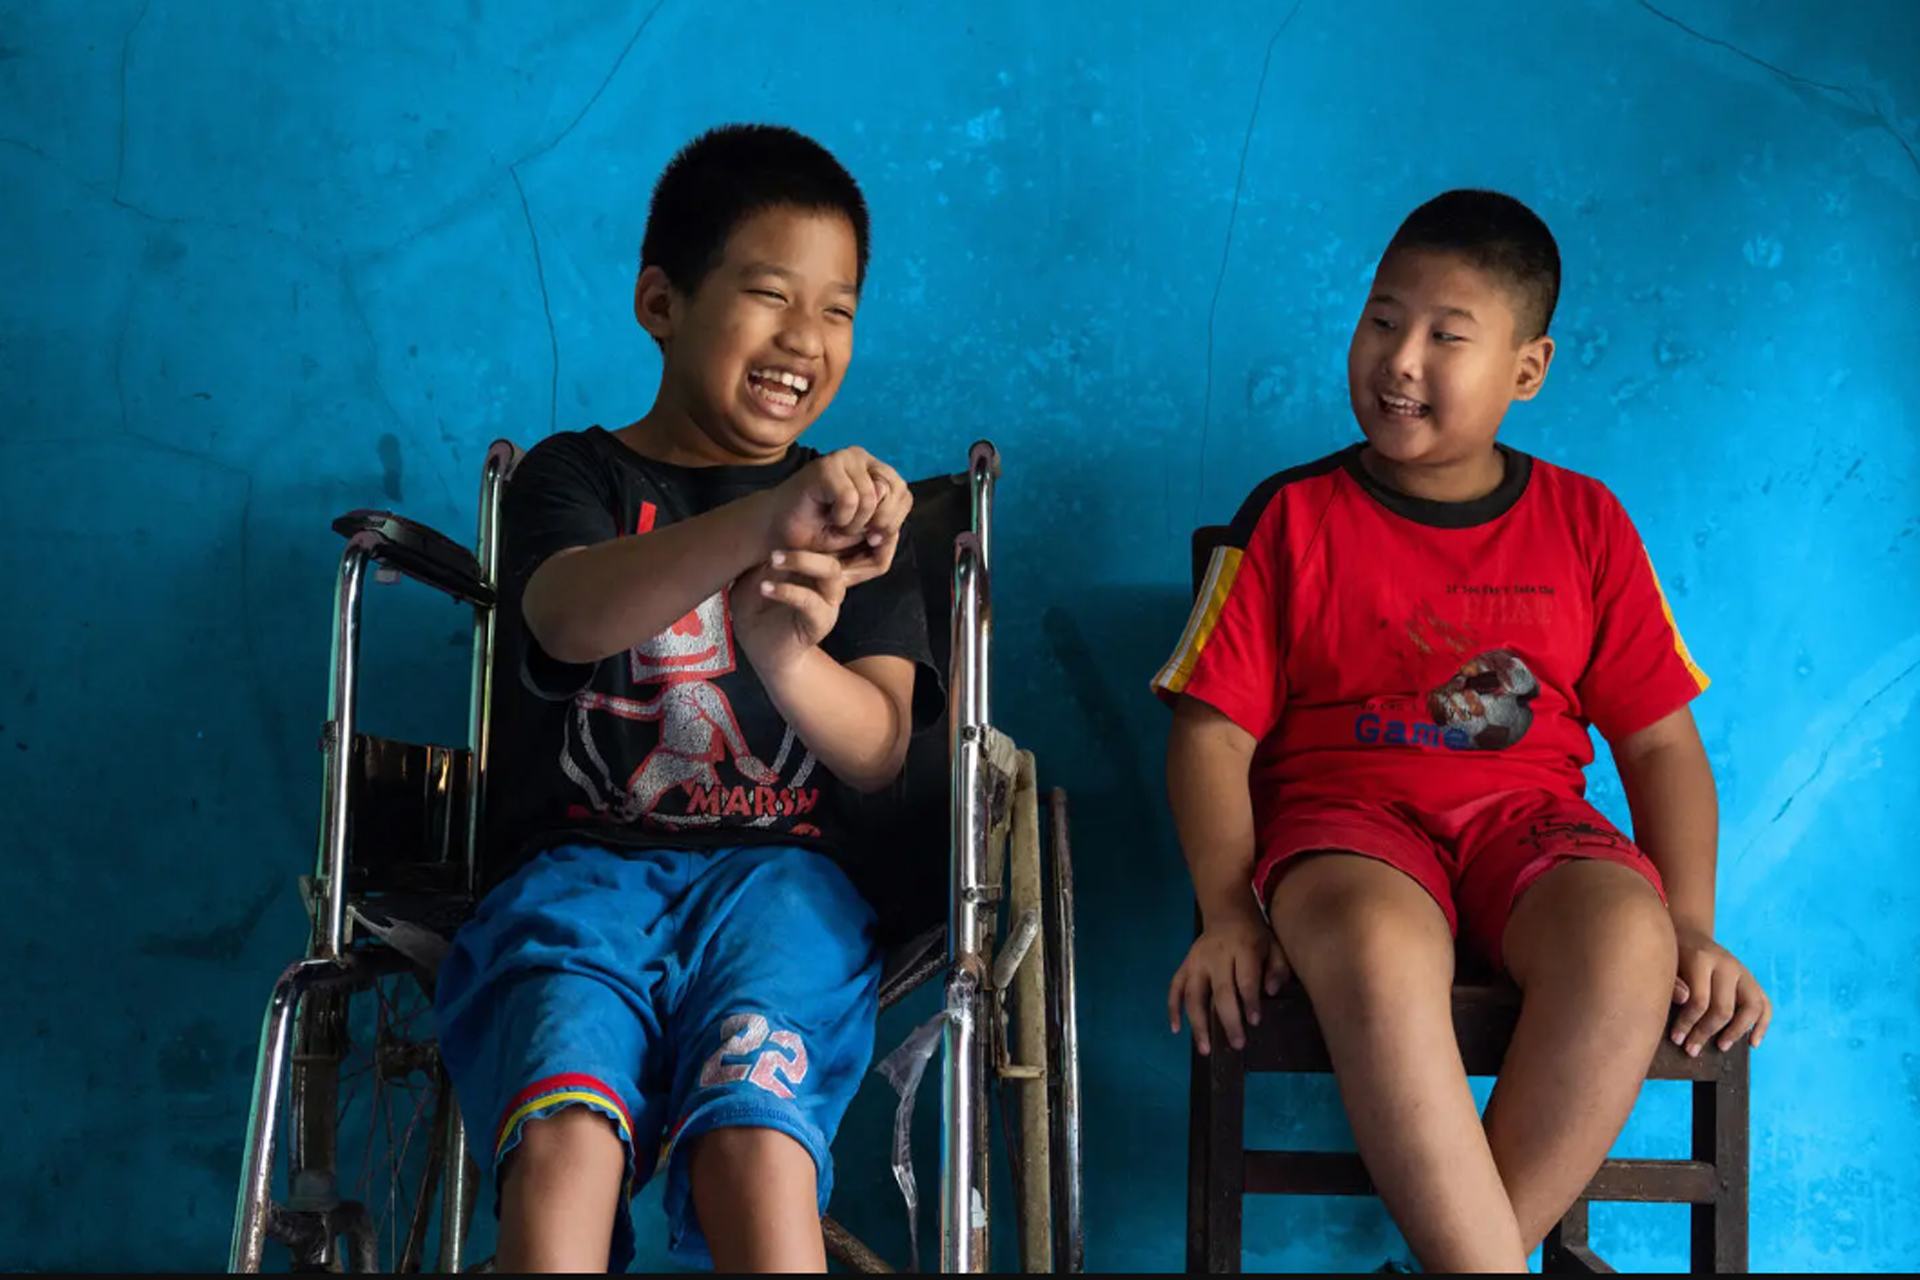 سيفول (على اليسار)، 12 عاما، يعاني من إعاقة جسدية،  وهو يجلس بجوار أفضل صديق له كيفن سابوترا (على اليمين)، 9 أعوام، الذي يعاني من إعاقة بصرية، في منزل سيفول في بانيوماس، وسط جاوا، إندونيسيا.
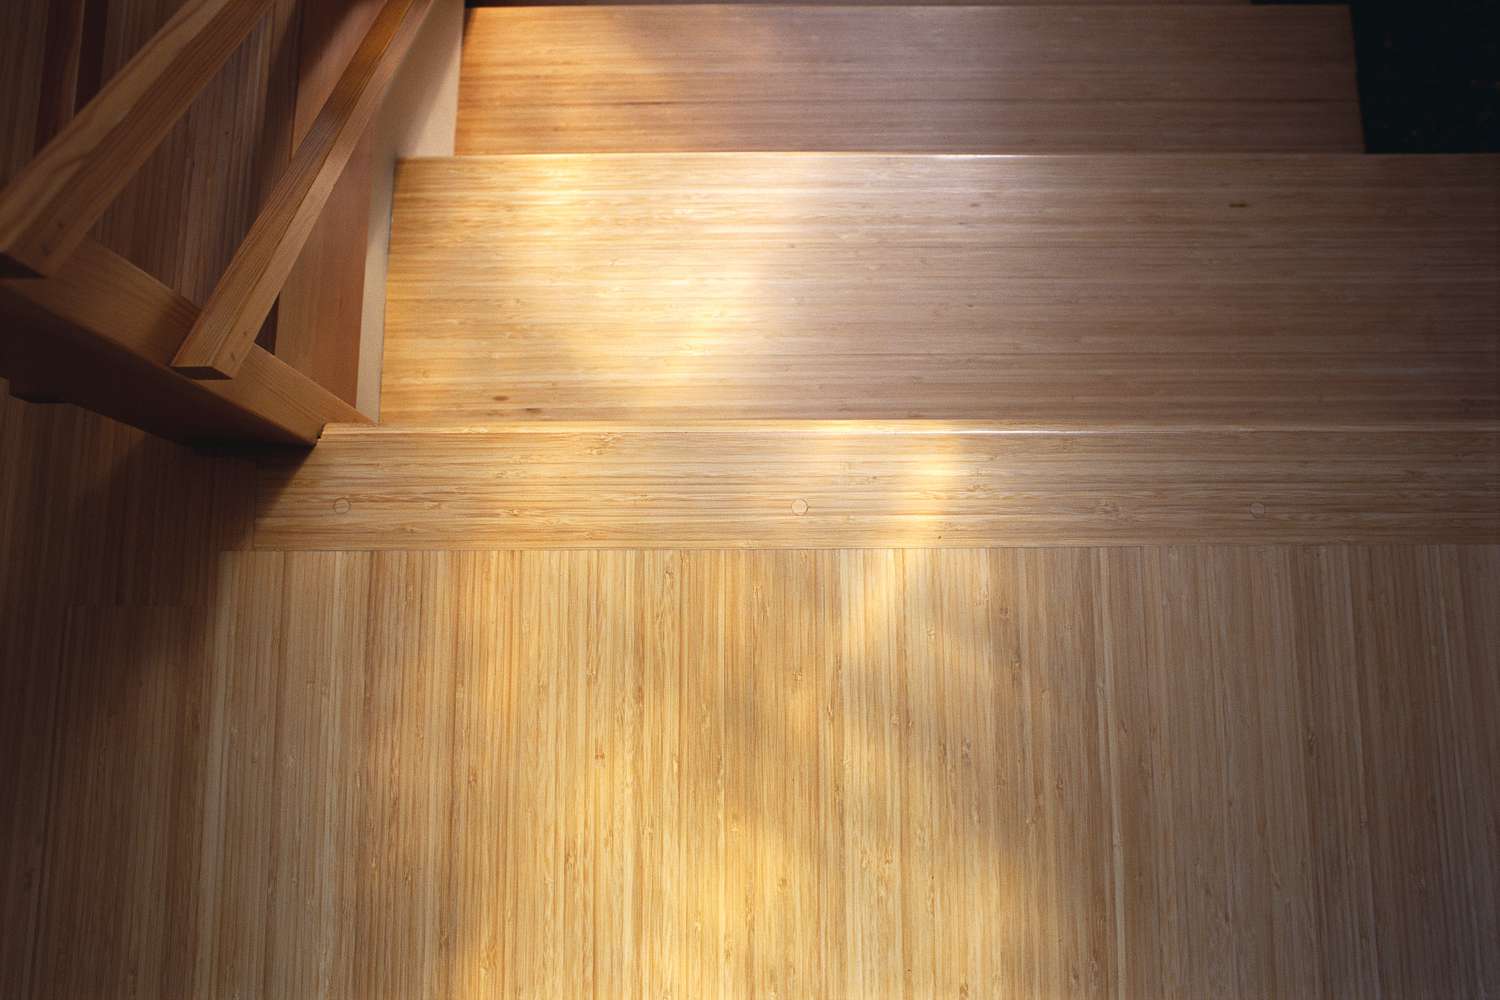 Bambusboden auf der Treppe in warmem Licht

* * *

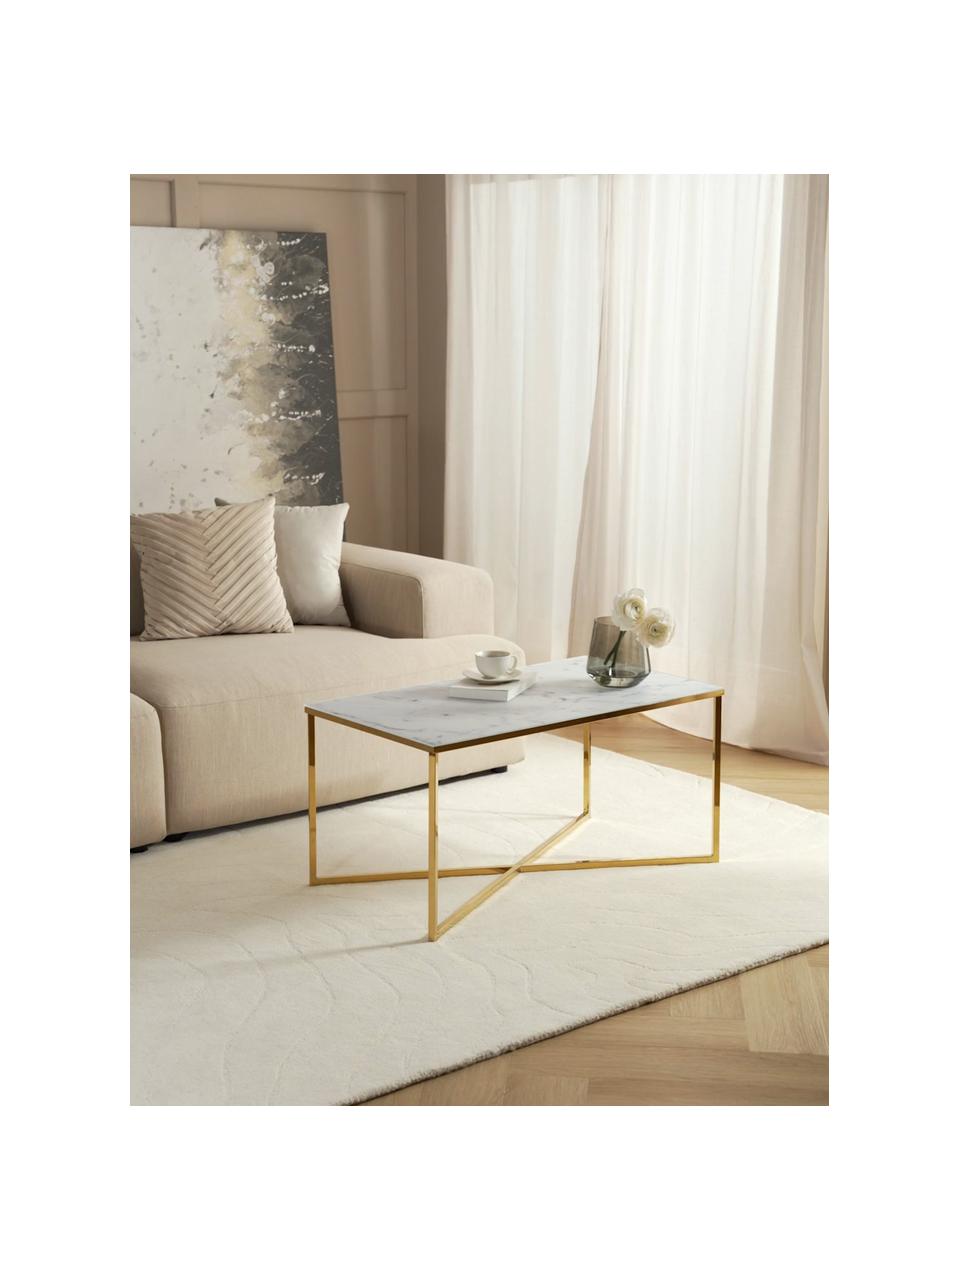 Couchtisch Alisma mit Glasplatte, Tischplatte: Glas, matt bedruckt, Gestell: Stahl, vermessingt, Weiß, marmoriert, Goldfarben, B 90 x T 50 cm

---

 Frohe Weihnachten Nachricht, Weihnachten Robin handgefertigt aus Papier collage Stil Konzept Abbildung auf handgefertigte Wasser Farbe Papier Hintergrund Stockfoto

## Work required
Transcribe, exactly and without pictures, everything in the data from the line with "سيفول (على اليسار)،" down to the line with "Bambusboden auf der Treppe in warmem Licht", both included.

## Written answer
 سيفول (على اليسار)، 12 عاما، يعاني من إعاقة جسدية،  وهو يجلس بجوار أفضل صديق له كيفن سابوترا (على اليمين)، 9 أعوام، الذي يعاني من إعاقة بصرية، في منزل سيفول في بانيوماس، وسط جاوا، إندونيسيا.
 Bambusboden auf der Treppe in warmem Licht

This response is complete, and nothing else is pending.